To identify new miRNA genes among the 78 known ones, we define those that are present in all the major branches of Drosophila species as "old miRNA genes." Newly emerged miRNA genes, on the other hand, cannot be defined simply by their absence in some species because "failure to find" is not the same as "absence." We thus define a newly emerged miRNA as one for which the source/ancestral sequence can be positively identified, and this source sequence can be analyzed for their miRNA properties (or lack of).
Among the 78 known miRNA genes of D. melanogaster, 71 can be found in the 12 Drosophila lineages and are hence "old" miRNA genes (supplementary fig. S1, Supplementary Material online). Among them, 46 can be found in mosquito. (Two other miRNAs, miR-289 and miR-2B-1, are somewhat ambiguous in their ages and will not be analyzed further; see Supplementary Material online.) These old genes have the known characteristics of miRNAs, including the distributions of
G in D. virilis and D. pseudoobscura and the levels of expression in D. simulans and D. pseudoobscura (Lu et al. 2008
). In both cases, the characteristics in other species are very similar to those in D. melanogaster (supplementary fig. S2, Supplementary Material online).
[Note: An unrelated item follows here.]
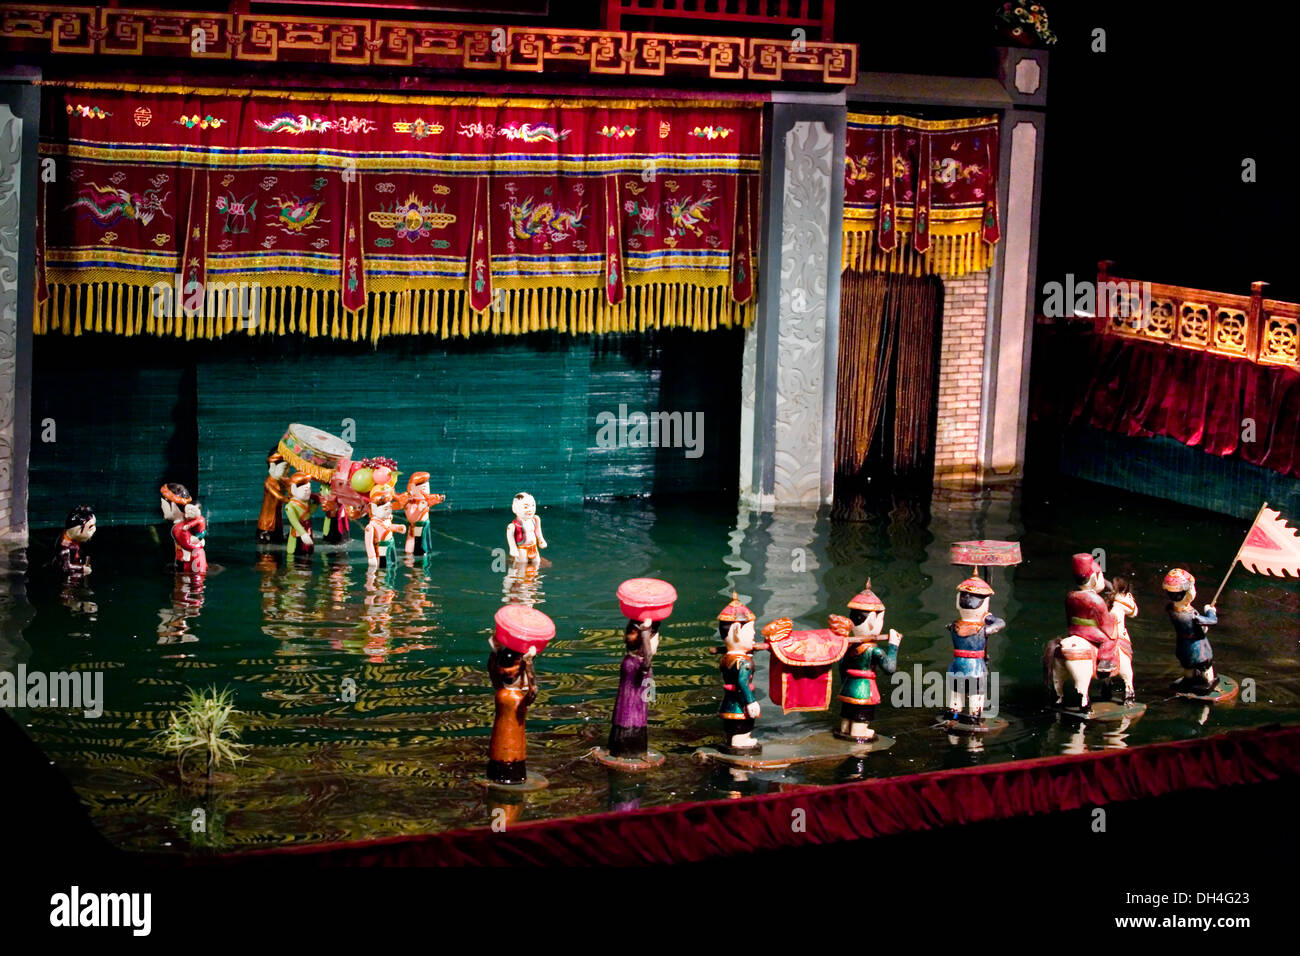 Thang Long Water Puppet Theatre – Hanoi, Vietnam - Atlas Obscura

The 5 remaining miRNA genes are newly emerged and fall into 2 categories—4 of them are duplications from existing miRNAs and 1 was created de novo from a hairpin-like non-miRNA sequence. Figure 1a shows the cluster of miR-310/311/312/313 genes. The role of each member in embryonic development has been shown experimentally (Leaman et al. 2005
). These 4 genes are homologous to the conserved miR-92a and miR-92b, both of which can be found in mosquito and honeybee. In contrast, none of the miR-310s cluster members can be found outside of Drosophila.
|
Although it is probably true that the formation of the miR-310s cluster occurred in Drosophila, the precise timing of their duplications cannot be accurately determined, due to the possible confounding effect of gene conversion. Nevertheless, from the phylogenetic analysis of figure 1b, we may conclude that there has not been extensive gene conversion since the separation between D. ananassae and the D. melanogaster more than 53 MYA (99% bootstrapping value). Note that the orthologous sequences are generally more closely related than the paralogous ones in the D. ananassae–D. melanogaster grouping in figure 1b. Hence, the formation of the miR-310s cluster must have been completed more than 53 MYA. We shall return to this relatively old age in the context of adaptive evolution of miRNAs later.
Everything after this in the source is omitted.